The metabolic microenvironment of melanomas: prognostic value of MCT1 and MCT4

Detalhes bibliográficos
Autor(a) principal: Pinheiro, Céline
Data de Publicação: 2016
Outros Autores: Baltazar, Maria de Fátima Monginho, Longatto Filho, Adhemar, Reis, R. M.
Tipo de documento: Artigo
Idioma: eng
Título da fonte: Repositório Científico de Acesso Aberto de Portugal (Repositórios Cientìficos)

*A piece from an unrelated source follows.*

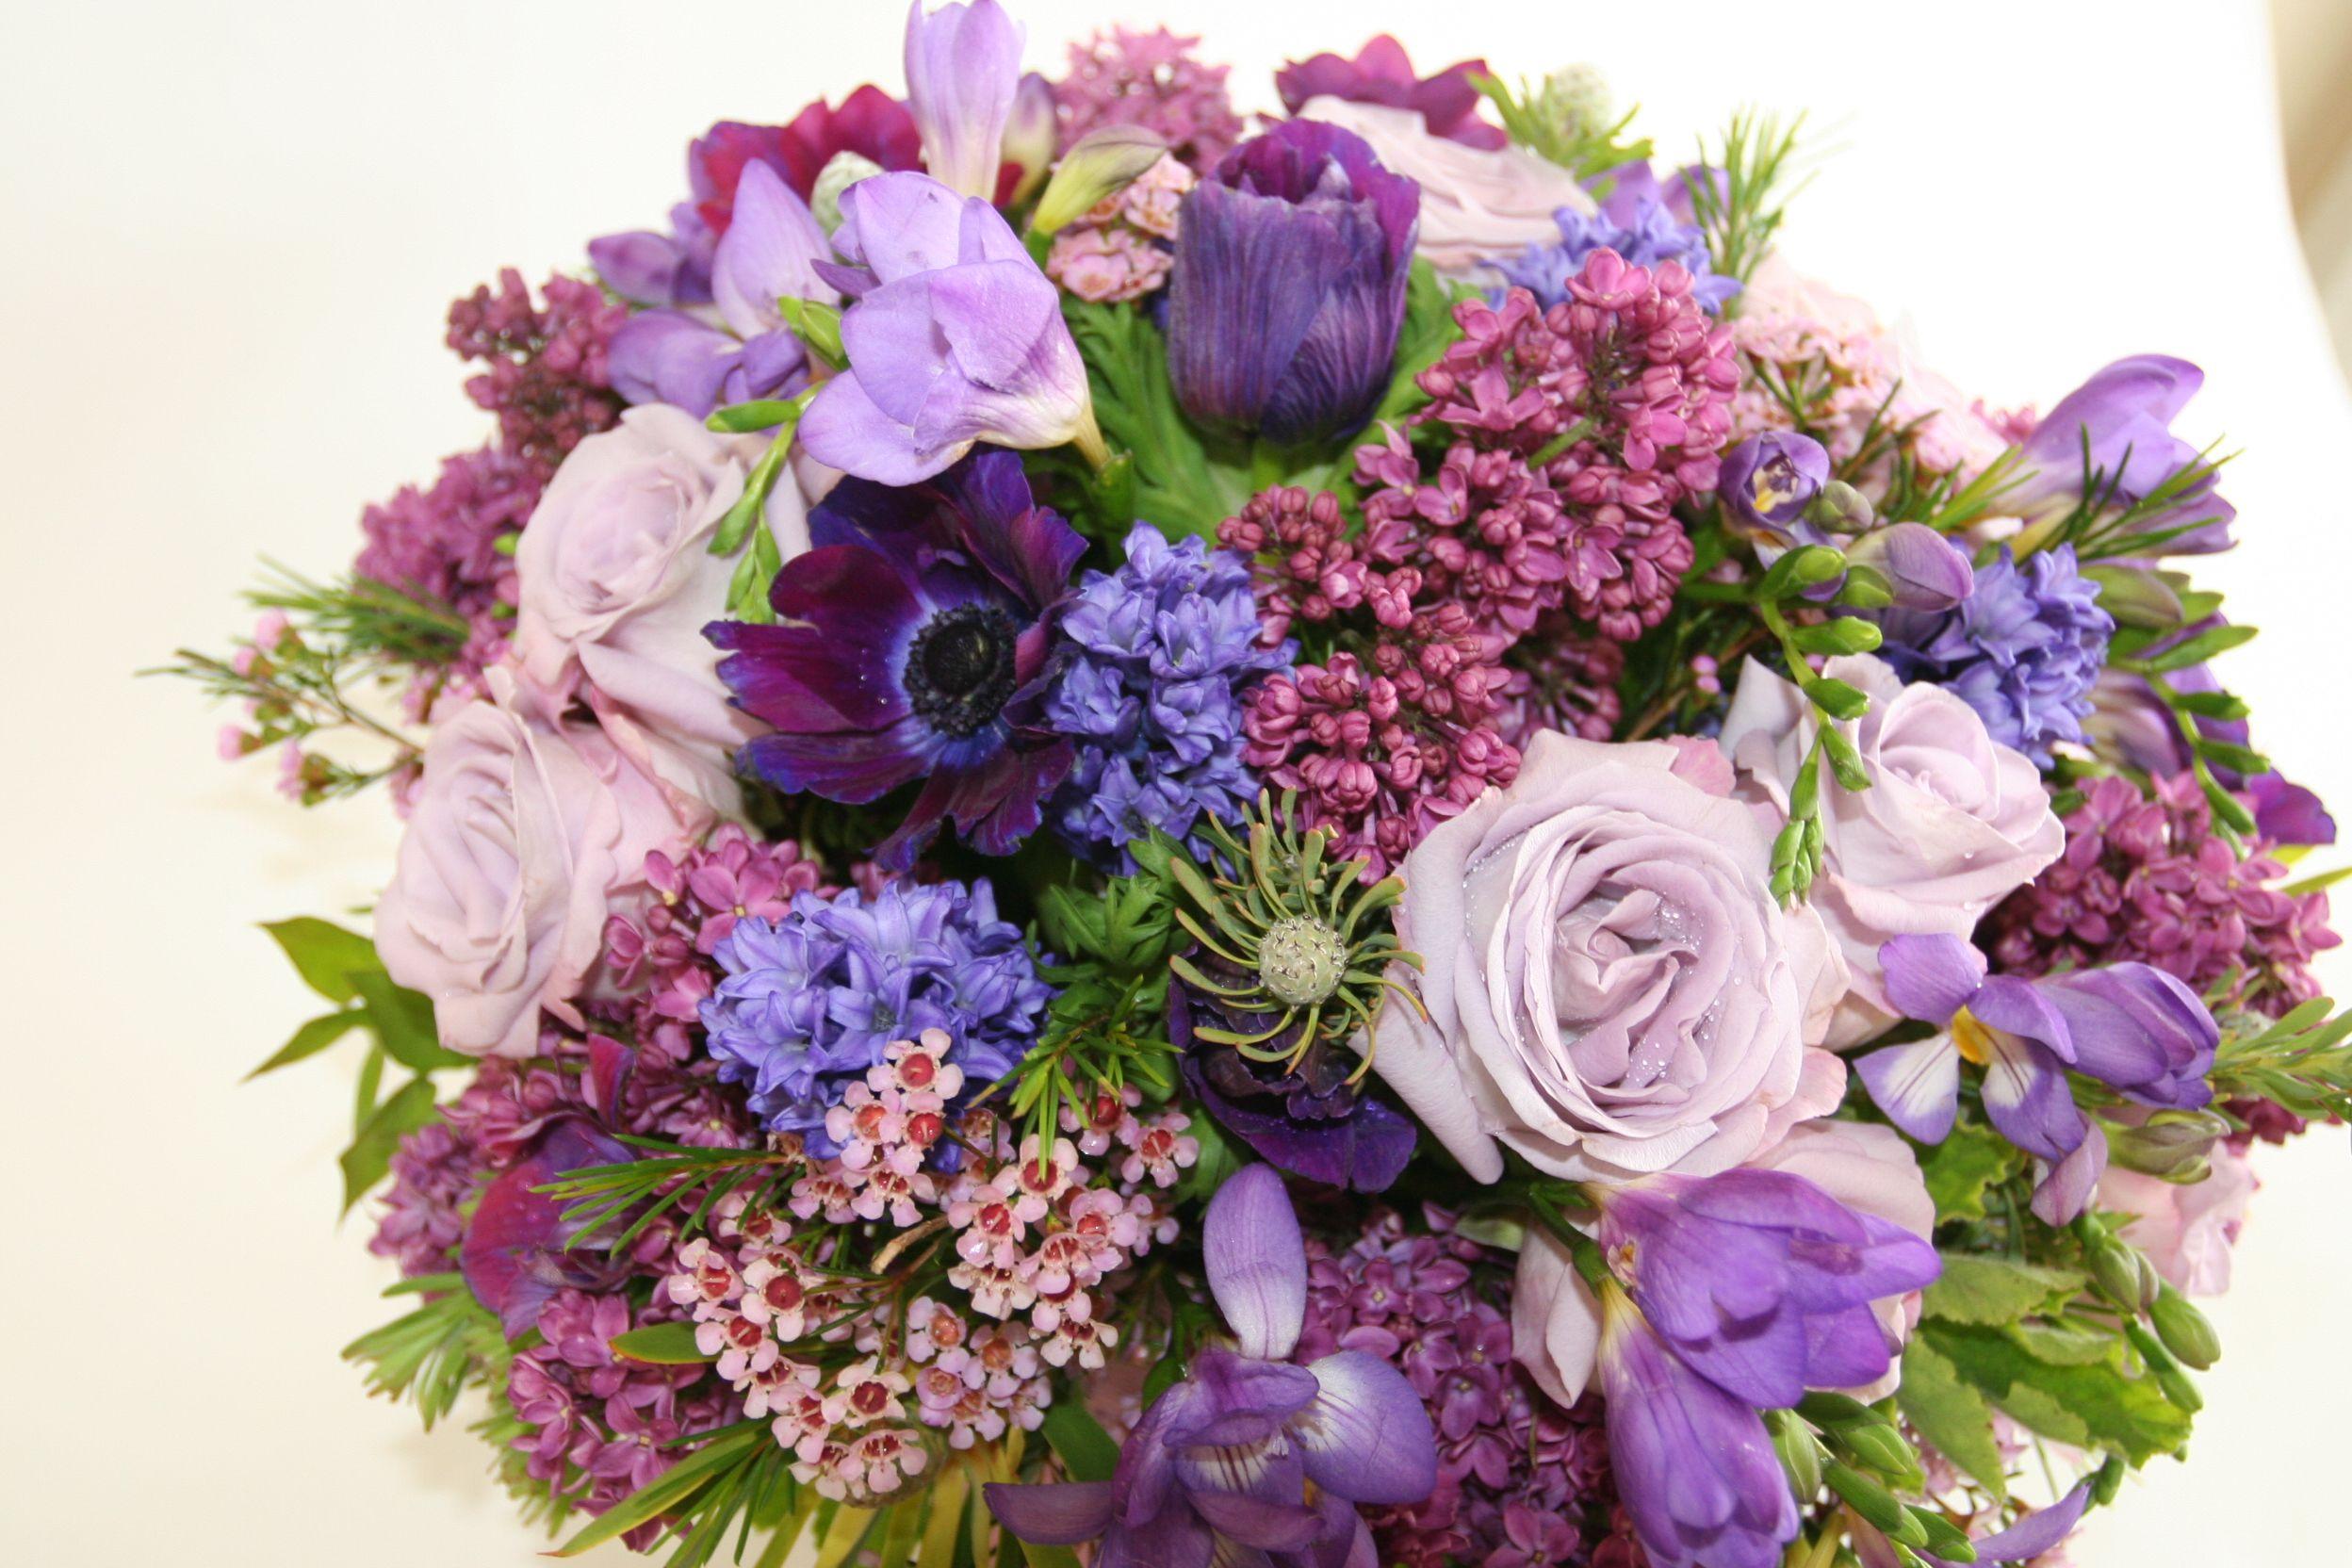 Anemones lilacs hyacinth roses freesia waxflower

Texto Completo: http://hdl.handle.net/1822/45095
Resumo: BRAF mutations are known drivers of melanoma development and, recently, were also described as players in the Warburg effect, while this reprogramming of energy metabolism has been identified as a possible strategy for treating melanoma patients. Therefore, the aim of this work was to evaluate the expression and prognostic value of a panel of glycolytic metabolism-related proteins in a series of melanomas. The immunohistochemical expression of MCT1, MCT4, GLUT1, and CAIX was evaluated in 356 patients presenting melanoma and 20 patients presenting benign nevi. Samples included 20 benign nevi, 282 primary melanomas, 117 lymph node and 54 distant metastases samples. BRAF mutation was observed in 29/92 (31.5%) melanoma patients and 17/20 (85%) benign nevi samples. NRAS mutation was observed in 4/36 (11.1%) melanoma patients and 1/19 (5.3%) benign nevi samples. MCT4 and GLUT1 expression was significantly increased in metastatic samples, and MCT1, MCT4 and GLUT1 were significantly associated with poor prognostic variables. Importantly, MCT1 and MCT4 were associated with shorter overall survival. In conclusion, the present study brings new insights on metabolic aspects of melanoma, paving the way for the development of new-targeted therapies.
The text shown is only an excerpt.